President-elect Obama has been magnanimous in victory. Senator McCain has been gracious in defeat. Do you find it surprising that neither magnanimity nor grace appears to have any place at The New York Times? I thought not. Of course, the Times has made no secret of its advocacy on behalf of Senator Obama on its editorial page. The election results would seem to the meanest intelligence to have confirmed the success of that advocacy. You won, guys. But here is the Times’s editorialist this morning, taking another shot at Senator McCain, now that he is down and indeed out, by saying that he "forsook his principles for a campaign built on anger and fear."
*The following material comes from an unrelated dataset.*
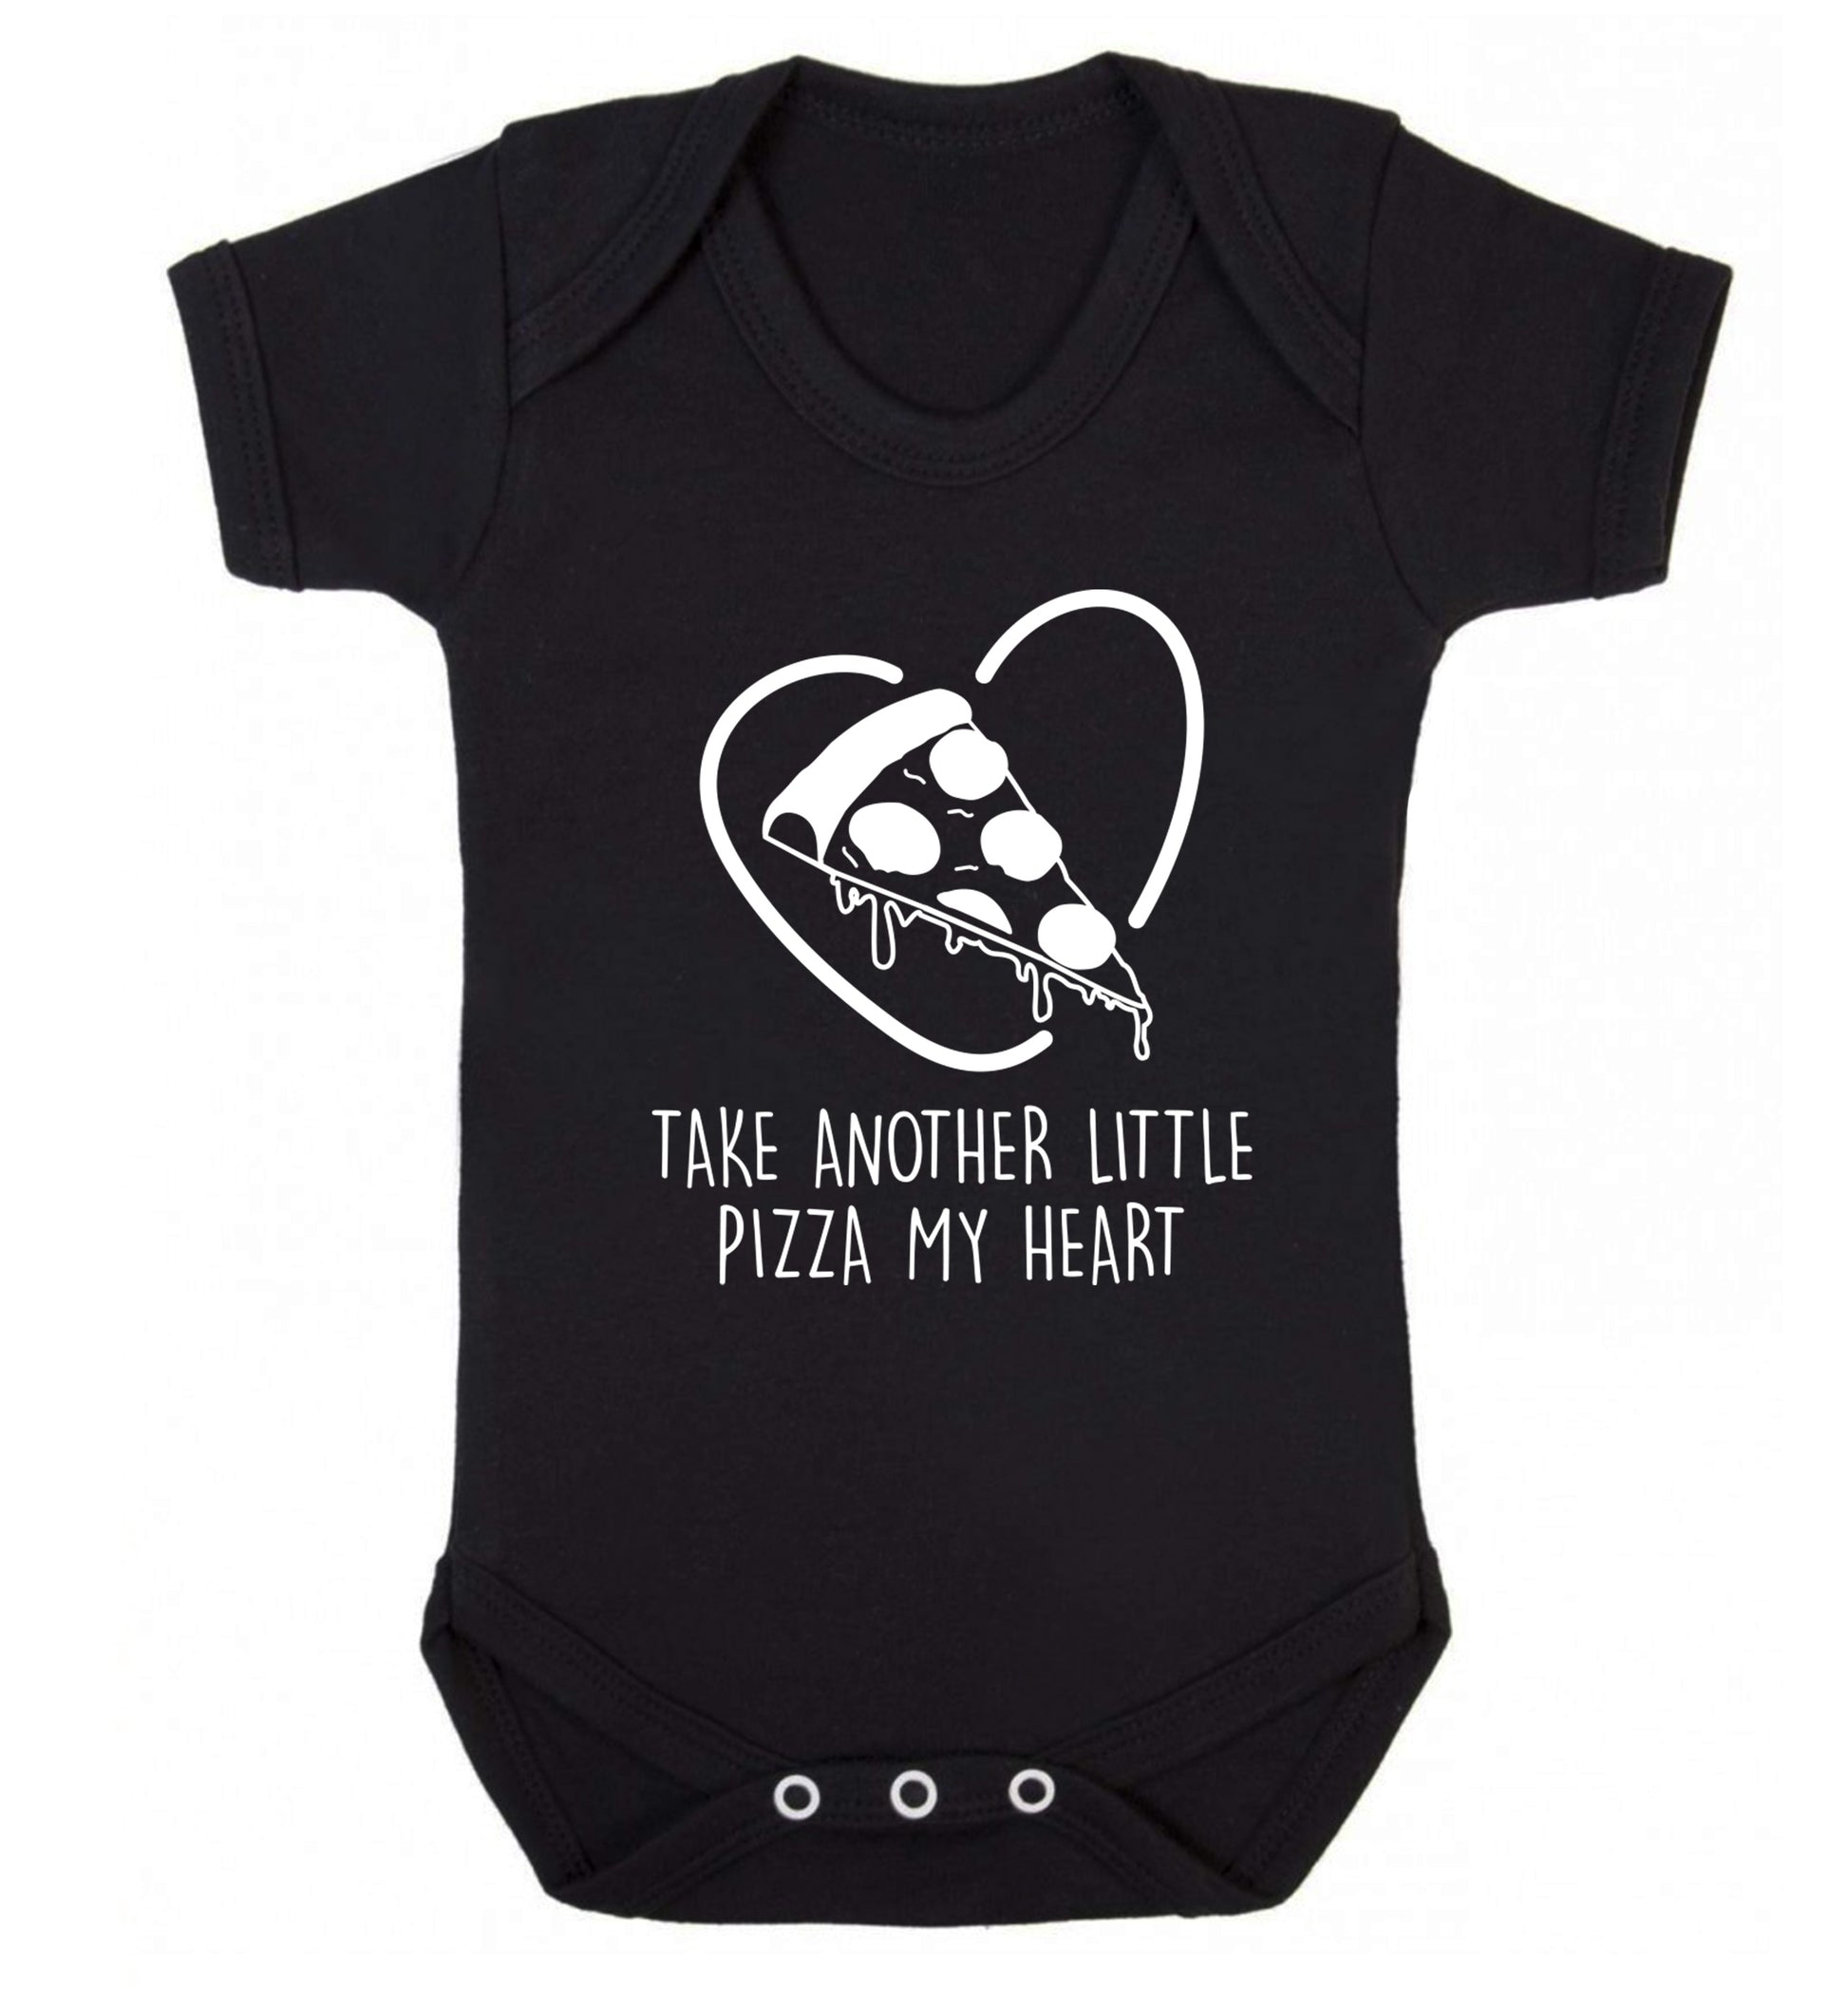 Take another little pizza my heart Baby Vest black 18-24 months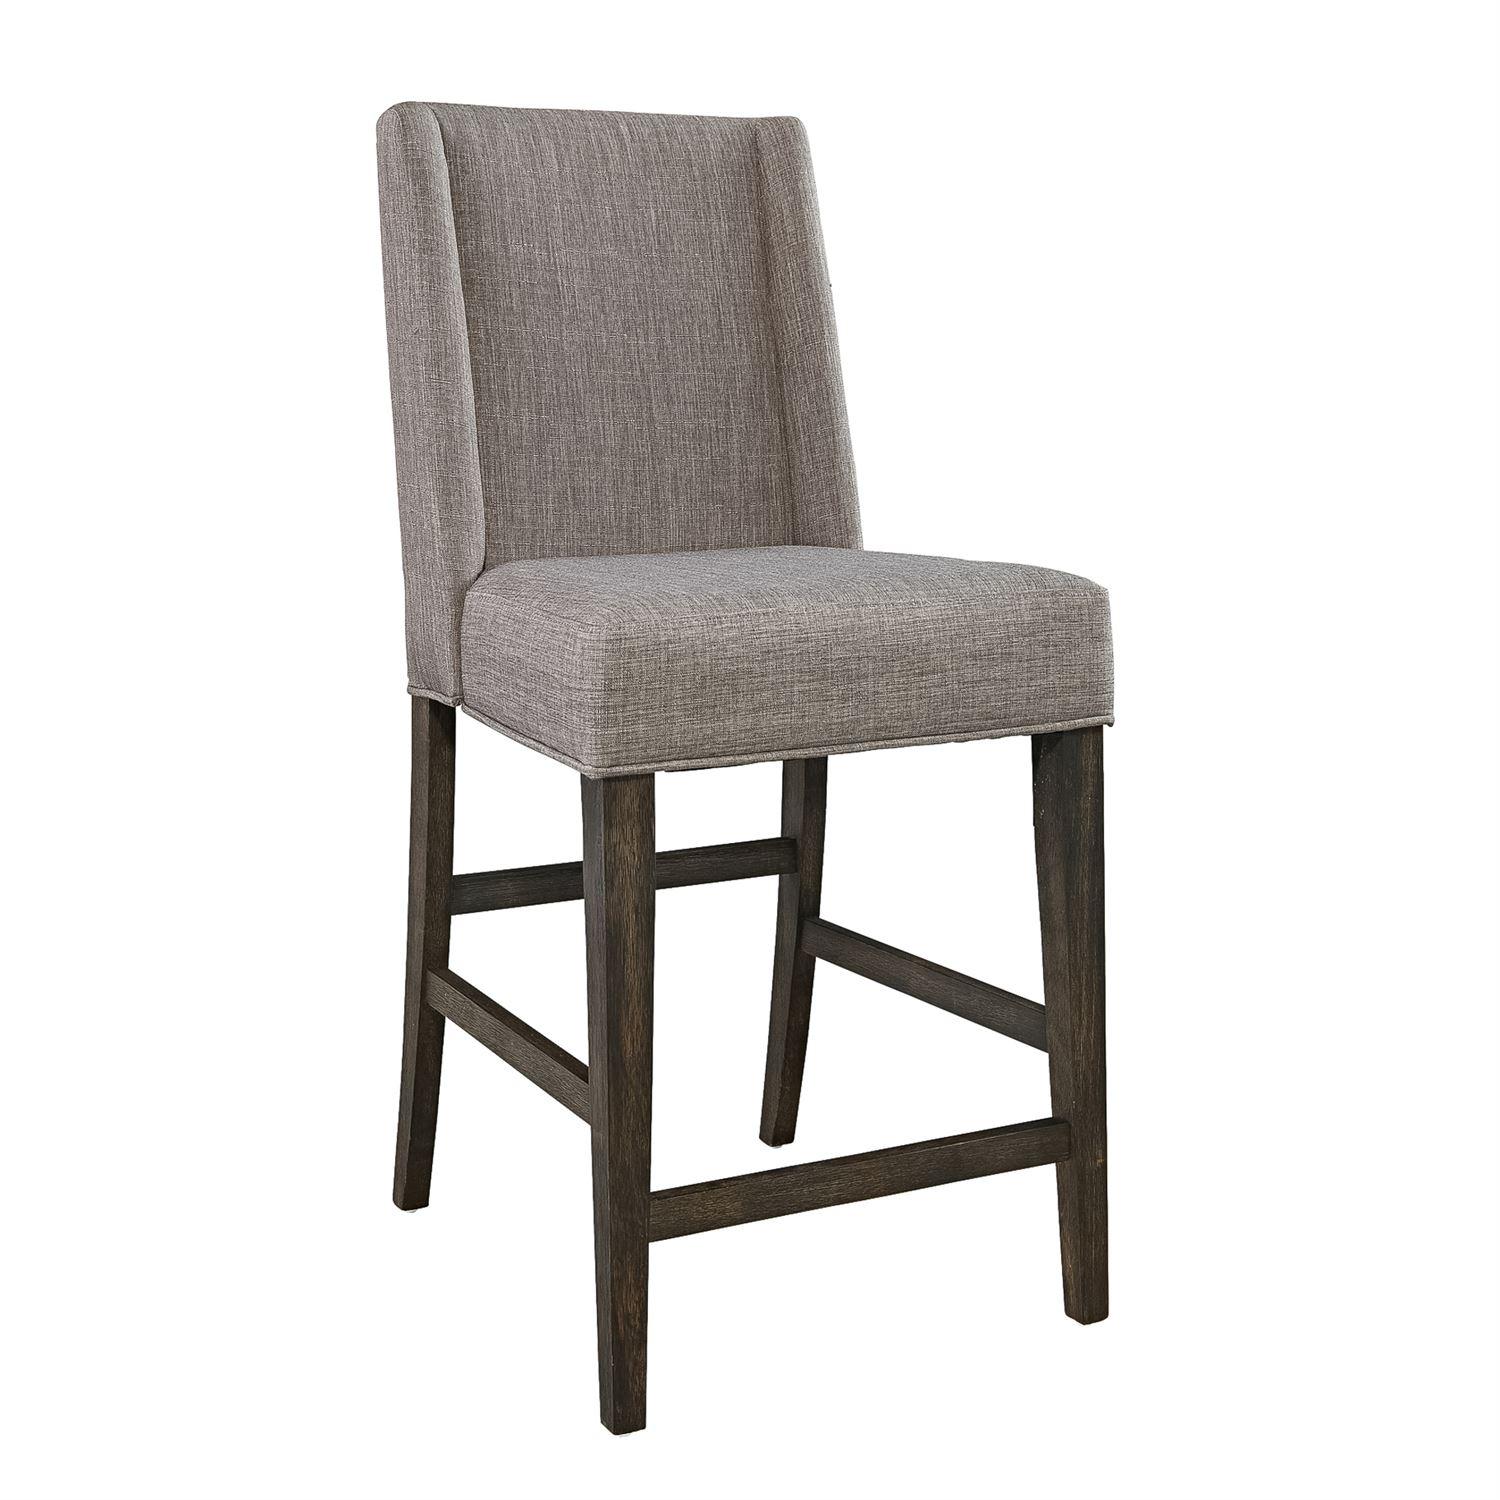 Rustic Counter Chair Double Bridge  (152-CD) Counter Chair 152-B650124-2PC in Chestnut Fabric

That this, in spite of being utter nonsense, was the Democrats’ and the media’s line on the late campaign as waged by their common opponent — I had almost written "enemy" — is very well known, but why do those presumably less engaged in the struggle still feel the need to keep reiterating their partisan propaganda now that the campaign is won? I think the answer is that, if the Times had been capable of grace or magnanimity to a defeated opponent, it would have had to acknowledge that he was an opponent — which would also, of course, have been an acknowledgment of its own partisanship. Doubtless the editorialist preferred not to come down off his self-erected pedestal and admit to being partisan, as mere mortals are. Such "objective" Olympians, far above the partisan battle have no need of grace, since they speak with the voice of the gods.

Actually, it’s even worse than that. Another line in the same editorial tells us that Senator Obama’s "triumph was decisive and sweeping, because he saw what is wrong with this country: the utter failure of government to protect its citizens." One smells a paradox somewhere nearby. Say what you will about him, President Bush has what would seem to be undoubtedly to his credit the fact that he and his administration have protected the country from any attacks on the homeland since 9/11. Yet the Times doesn’t need to bother with paradox any more than it does with grace or wit. The voice of the gods has no need of that either. It merely delivers itself of what, to some of us, is an obvious and blatant falsehood as a simple statement of fact, and we can like it or lump it.

That’s because those of us for whom it is an obvious and blatant falsehood don’t really exist, so far as the Times is concerned. The paper’s idea of being an advocate and a controversialist is to pretend, in its characteristically high-minded way, that there is no controversy, and that its own self-defined reality — the reality of the Democratic party’s talking points, essentially — is the only reality there is. It’s the same state of mind that refuses to review conservative books, or reviews them frivolously only to ridicule them. This, too, comes from the colossal self-conceit of the media in general and, in the Times’s case, the worst case of Media Madness known to me, now that Dan Rather has faded into the mists of cable TV.